*** Material provided ***

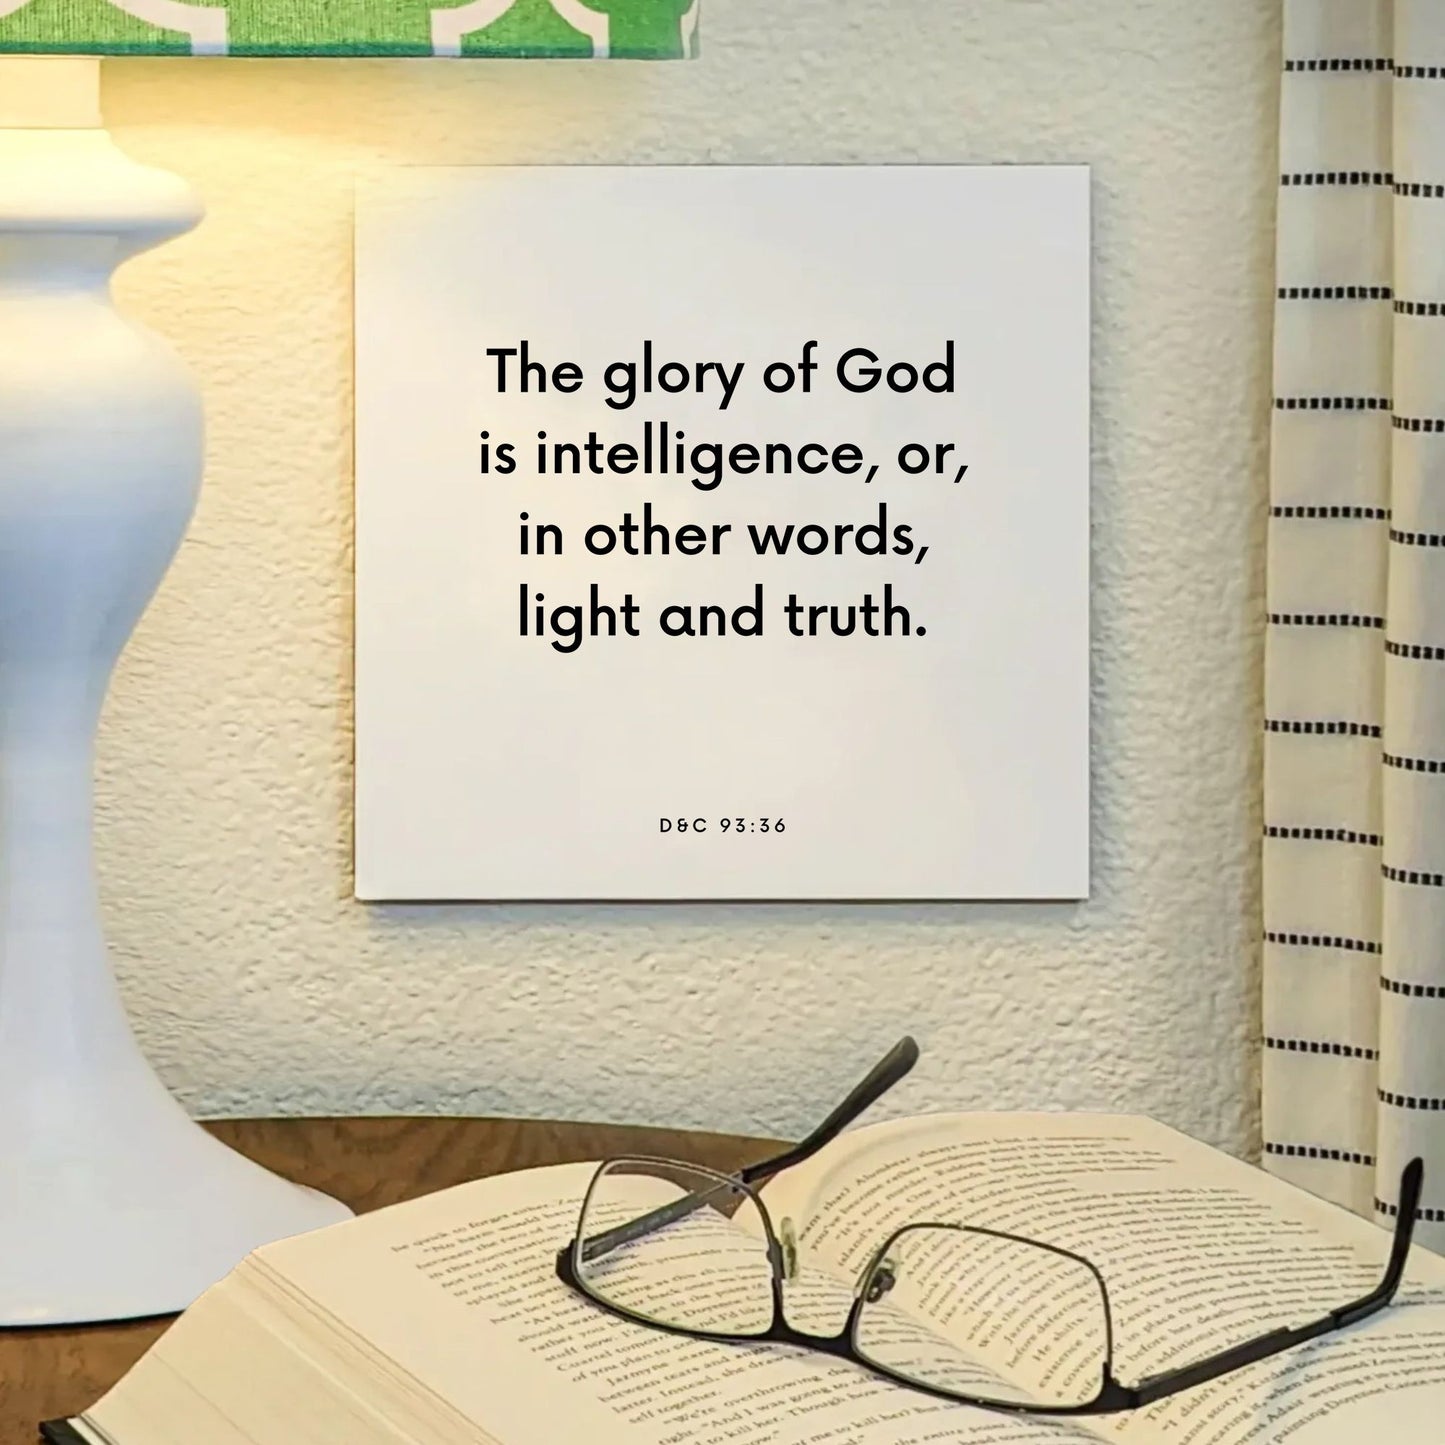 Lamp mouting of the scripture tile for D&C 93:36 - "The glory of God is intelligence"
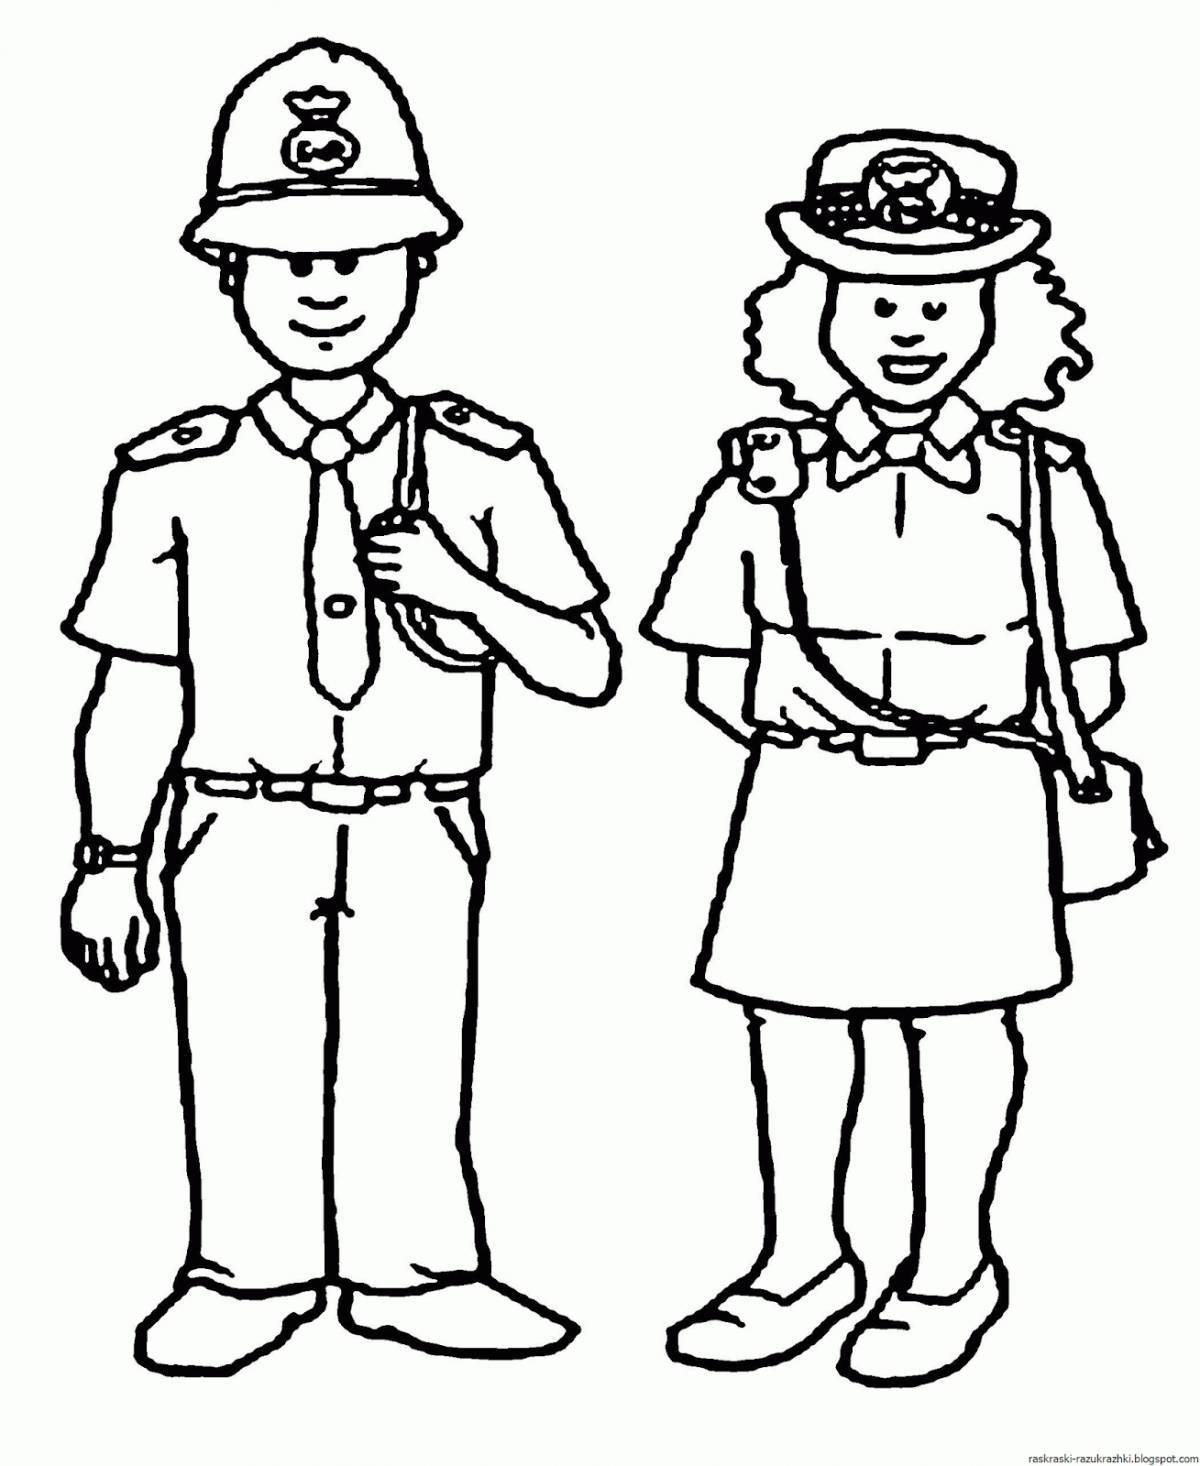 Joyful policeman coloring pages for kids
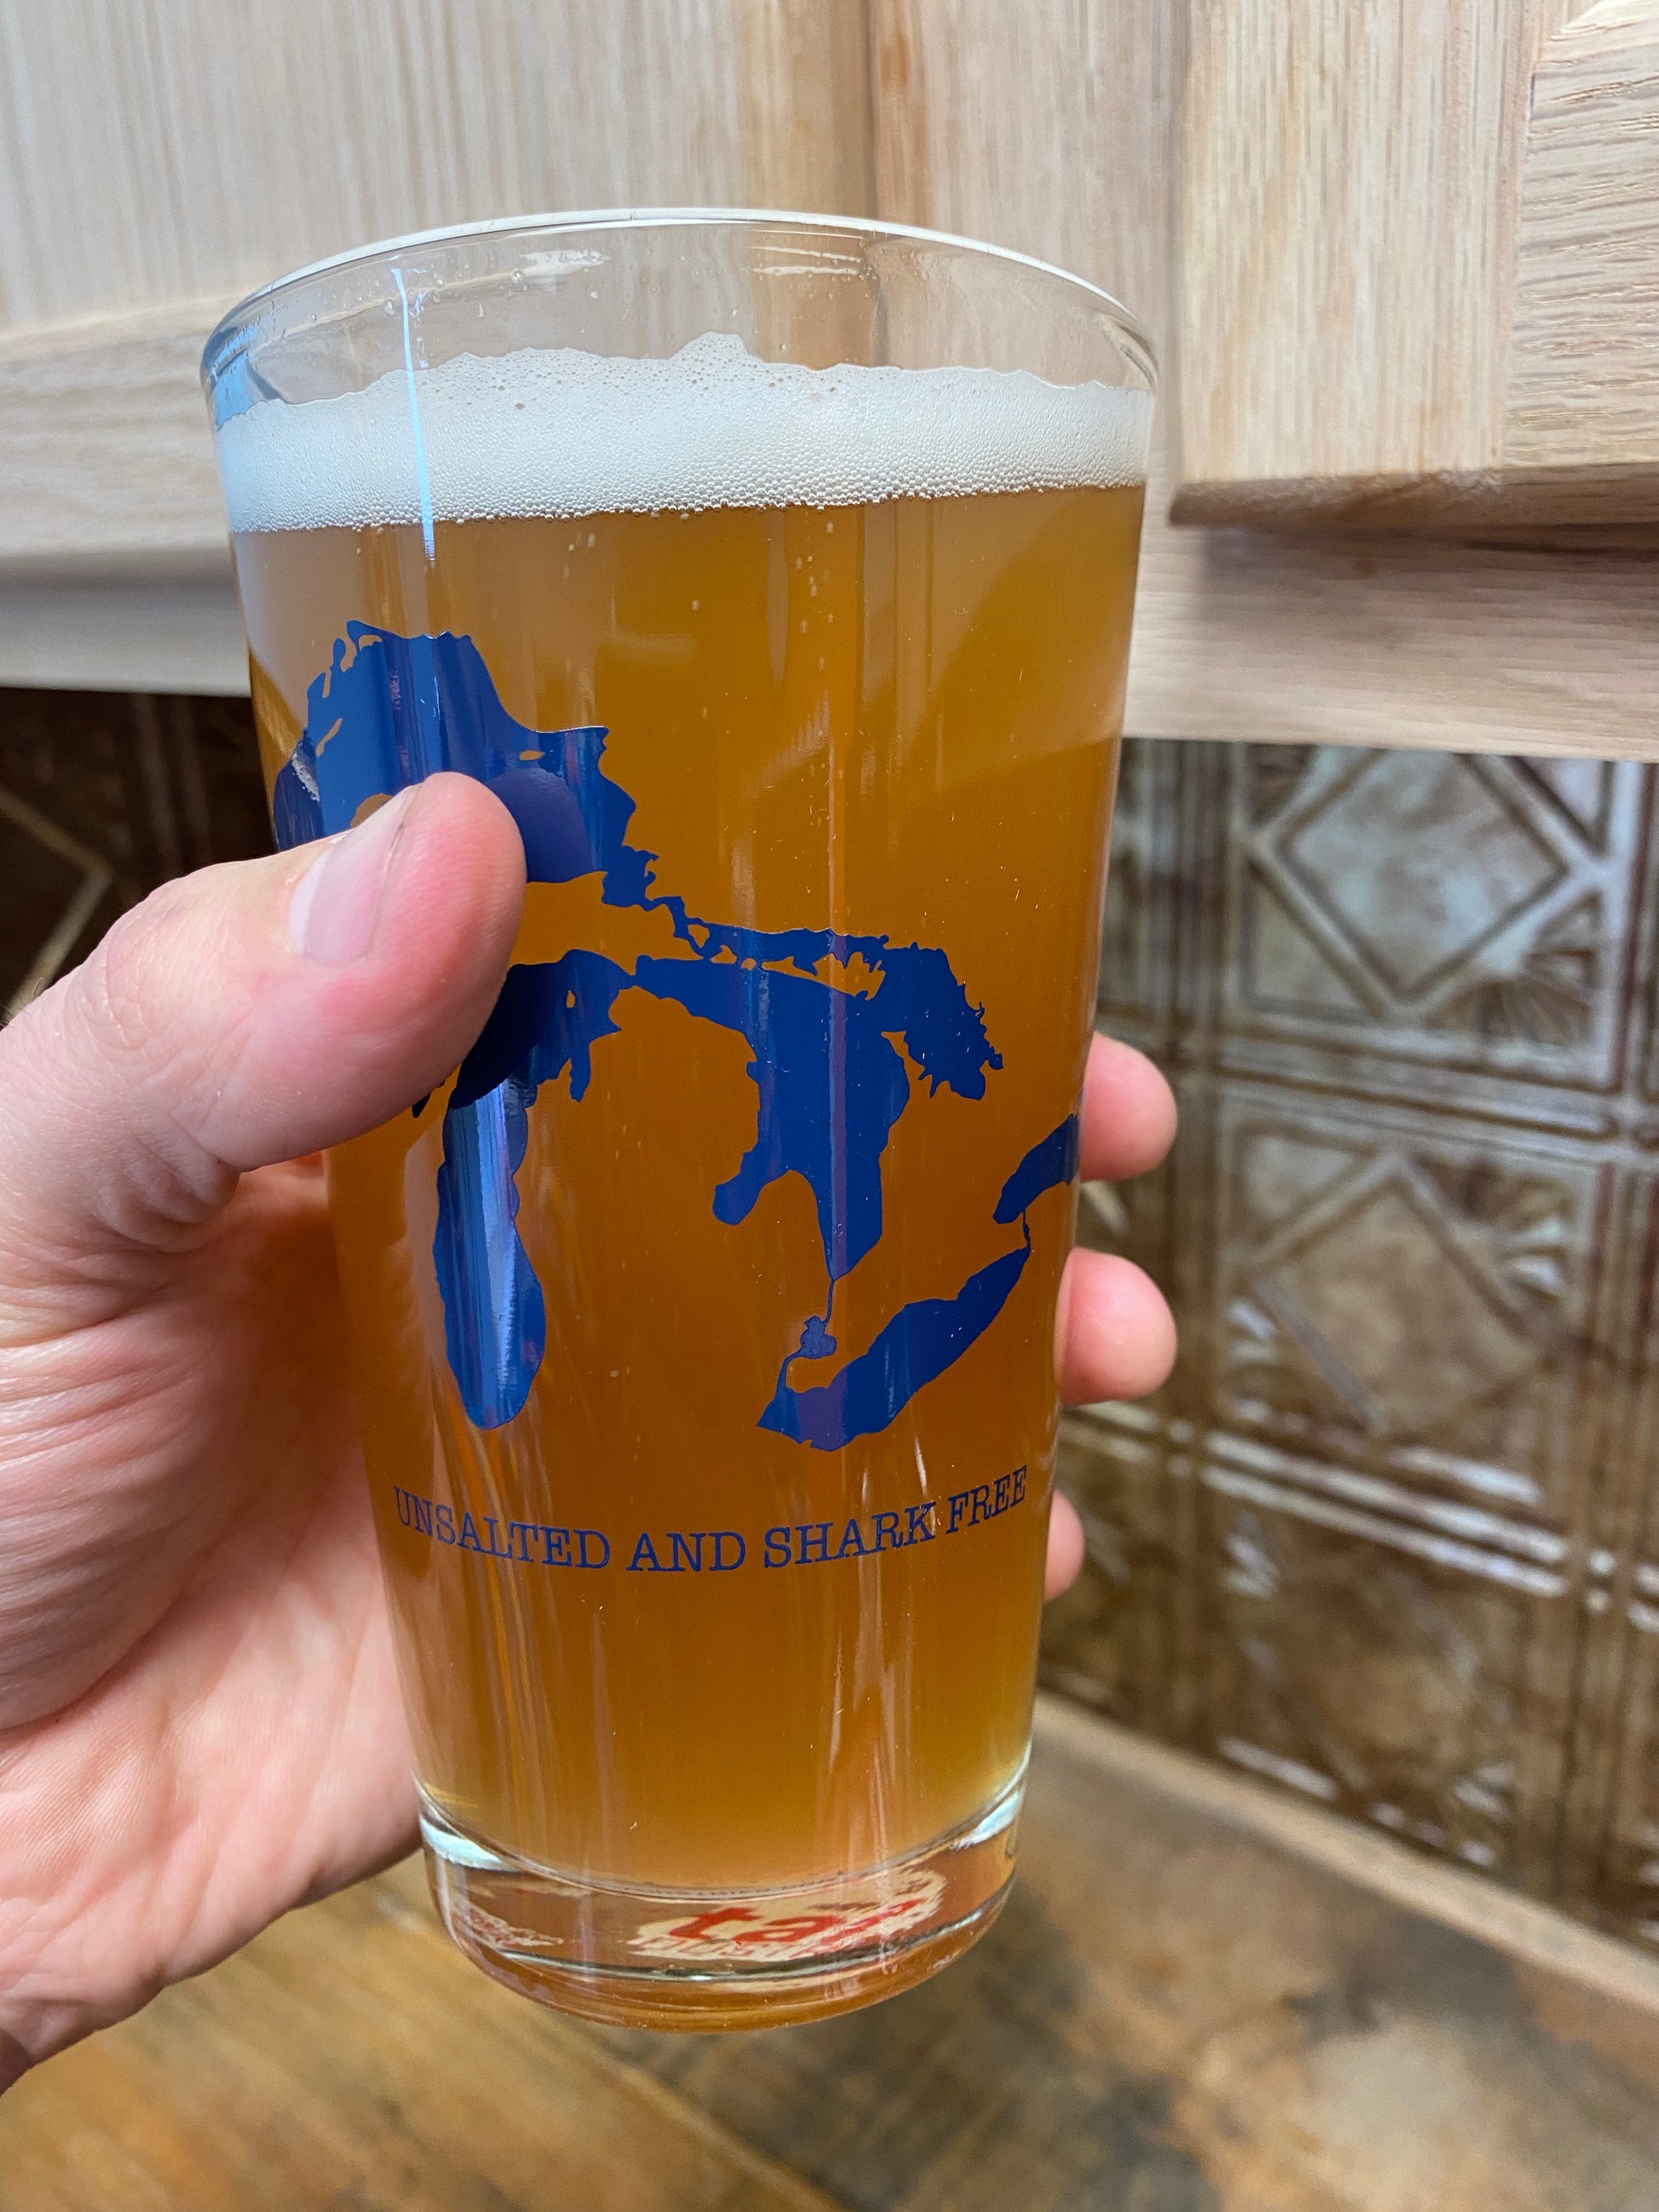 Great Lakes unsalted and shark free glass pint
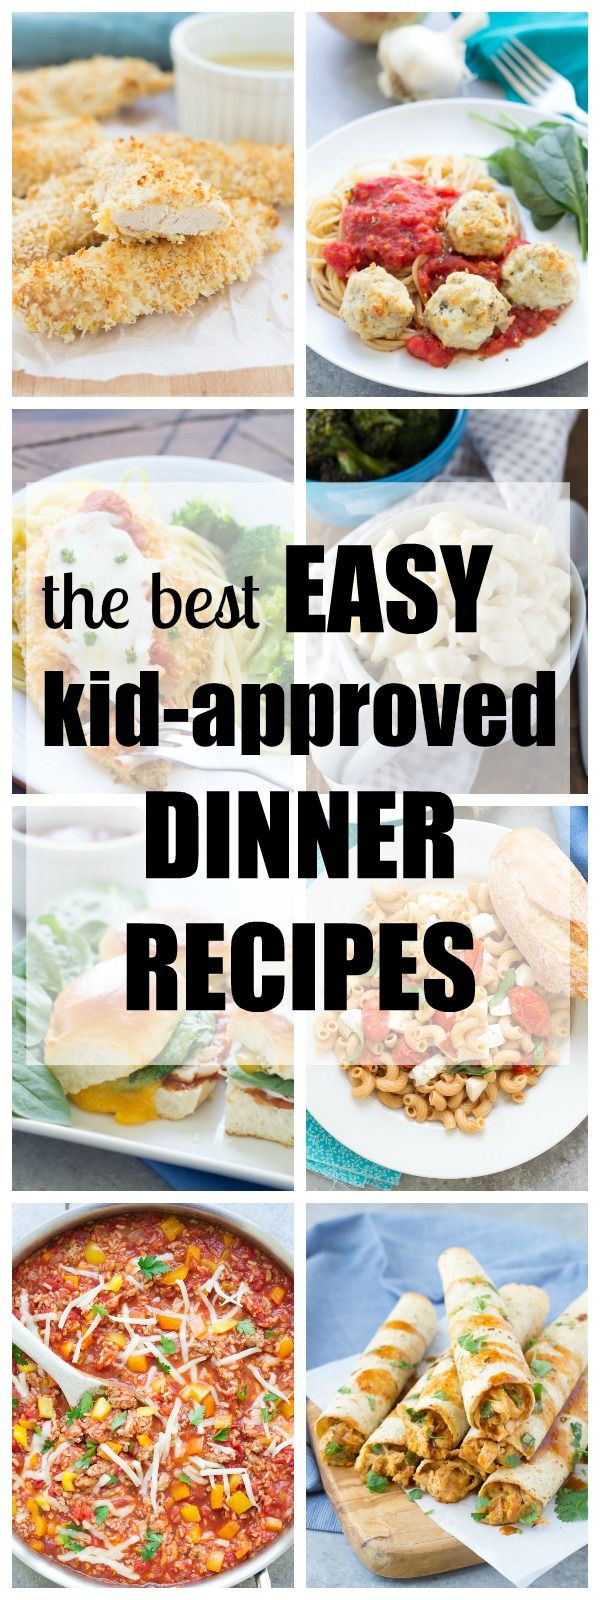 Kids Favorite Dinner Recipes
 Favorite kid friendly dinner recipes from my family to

***

Aim of the task
Beginning with the line that has "Kids Favorite Dinner Recipes", repeat each remaining line of the data above word for word, keeping pictures out.

Your solution
 Kids Favorite Dinner Recipes
 Favorite kid friendly dinner recipes from my family to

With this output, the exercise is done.